Precision BioSciences had requested inter partes reexamination of the patents, and the USPTO examiner held some of the challenged claims obvious. The Board affirmed the rejections on appeal.

The '605 Patent

The '605 patent expired while the Federal Circuit appeal was pending. The court dismissed the appeal as to that patent as moot, explaining:

[T]he PTO may not issue the amended claim now that the patent has expired, as stated in applicable provisions of a PTO regulation, 37 C.F.R. § 1.530(j), (k). That rule follows from the relevant statutory provisions. Looking backward, if the claim were to issue on reexamination, Pasteur could not enforce it for the period before issuance of the reexamination certificate. That is because, for inter partes reexaminations under the pre-2013 version of 35 U.S.C. § 316(b) applicable here, as for reissues under 35 U.S.C. § 252, when a claim is substantively amended, the analysis of intervening rights after issuance ... treats the amendment as raising an irrebuttable presumption that the original claim was materially flawed, so there can be no liability for acts of infringement before the amended claim issues.

The '545 Patent

As framed in the Federal Circuit decision, the obviousness of claims 10 and 12 of the '545 patent turned on the following issue:

[W]hether the relevant skilled artisan–after reading Quirk's and Bell-Pedersen's disclosure that a GIIE endonuclease can promote targeted gene transfer into non-chromosomal DNA in prokaryotic cells–would have expected that a GIIE endonuclease would successfully promote targeted gene transfer into the chromosomal DNA of eukaryotic cells, and thus had good reason to pursue that possibility.

(emphasis added)

The Federal Circuit analyzed the issue under its "reasonable expectation of success" test, noting that the Supreme Court's discussion in KSR of "predictable solutions" and "anticipated success" was consistent with the Federal Circuit's "longstanding" focus.

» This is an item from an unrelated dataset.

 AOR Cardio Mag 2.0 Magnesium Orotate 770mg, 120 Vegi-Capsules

The court found factual and legal errors in the Board decision of obviousness.

Factually, the court found that "the Board erred in finding that two references in the prior art, Frey and Dujon, 'showed that a GIIE endonuclease cleaved yeast chromosomal DNA when expressed in yeast cells.' .... In fact, neither reference discloses a GIIE endonuclease cleaving yeast chromosomes while those chromosomes are in yeast cells." The noted that "[t]he Board relied on its misreading of both references, and nothing more, to conclude that 'one of ordinary skill in the art [had] a reasonable expectation that the teachings of Quirk and Bell-Pedersen could be successfully applied to yeast cells.' .... Because no other references identified by the Board show a GIIE endonuclease cleaving chromosomal DNA in a eukaryotic cell, its errors were highly material to whether the '545 patent claims would have been obvious."

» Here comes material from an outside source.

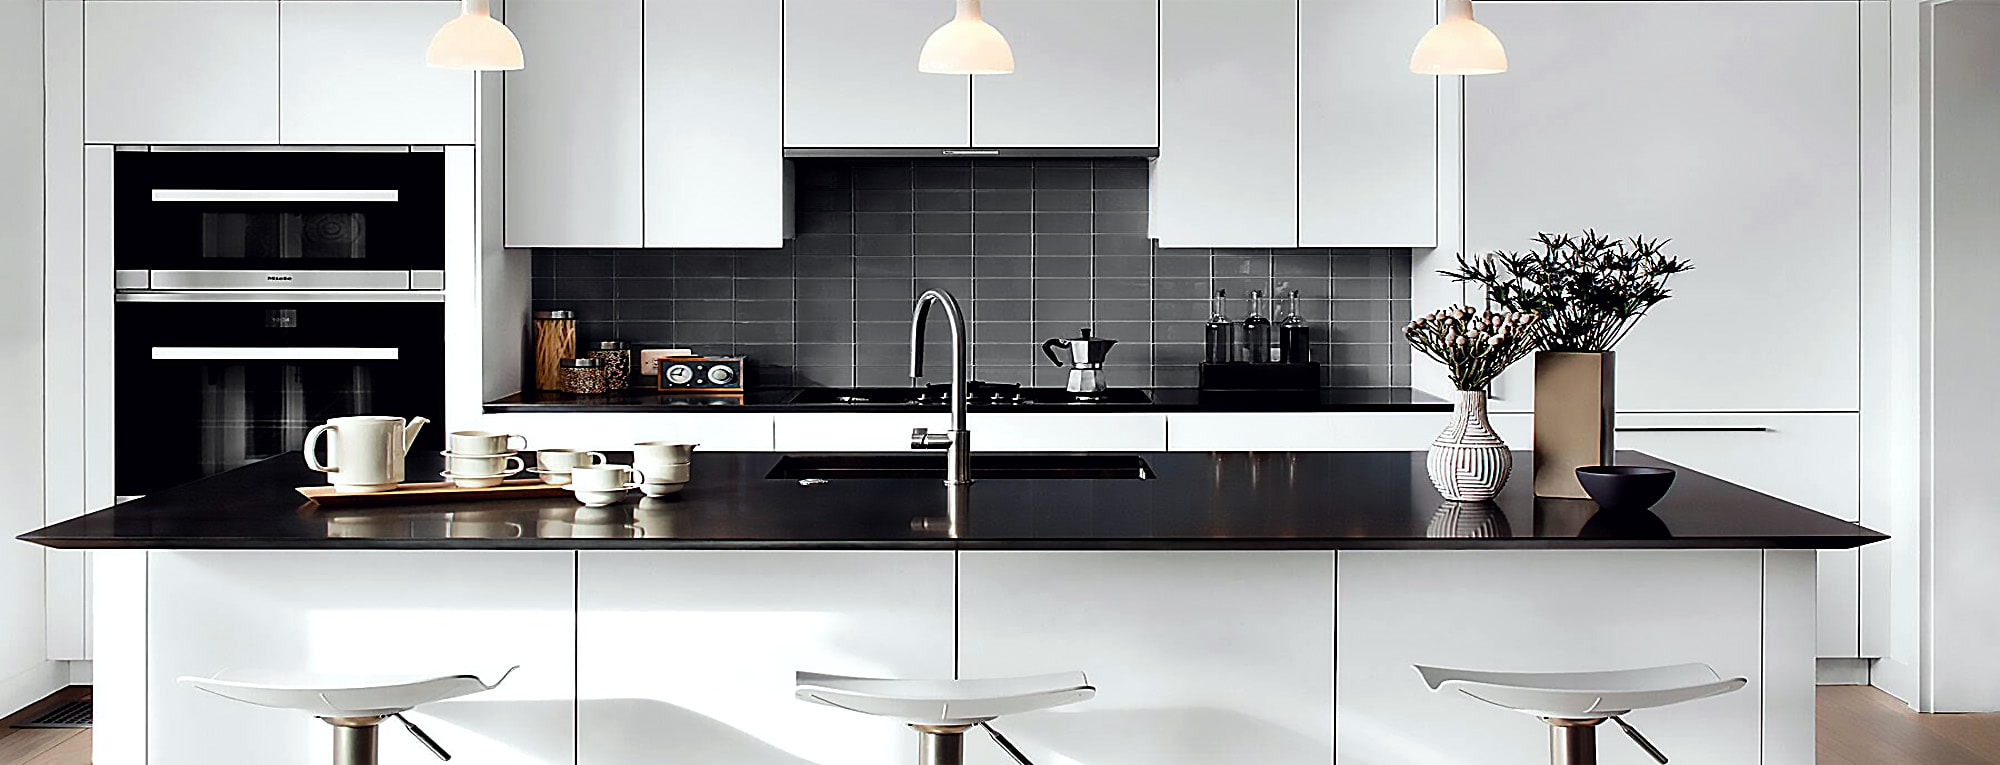 آشپزخانه دیزاین شده با کابینت روکش وکیوم

Legally, the court found that "[t]he Board compounded its erroneous findings by ignoring teachings that targeting a GIIE endonuclease to chromosomal DNA in a living cell could be highly toxic to the cell." As summarized by the court:

The sole prior-art reference identified by the Board that discloses such a method warns of such dangers: a 1990 article in Nucleic Acids Research specifically teaches that introducing a GIIE endonuclease could be "highly toxic" to the cell, which might not be able to repair double-stranded breaks in the chromosome using homologous recombination. .... Such a teaching counts significantly against finding a motivation to take the claimed steps with a reasonable expectation of success.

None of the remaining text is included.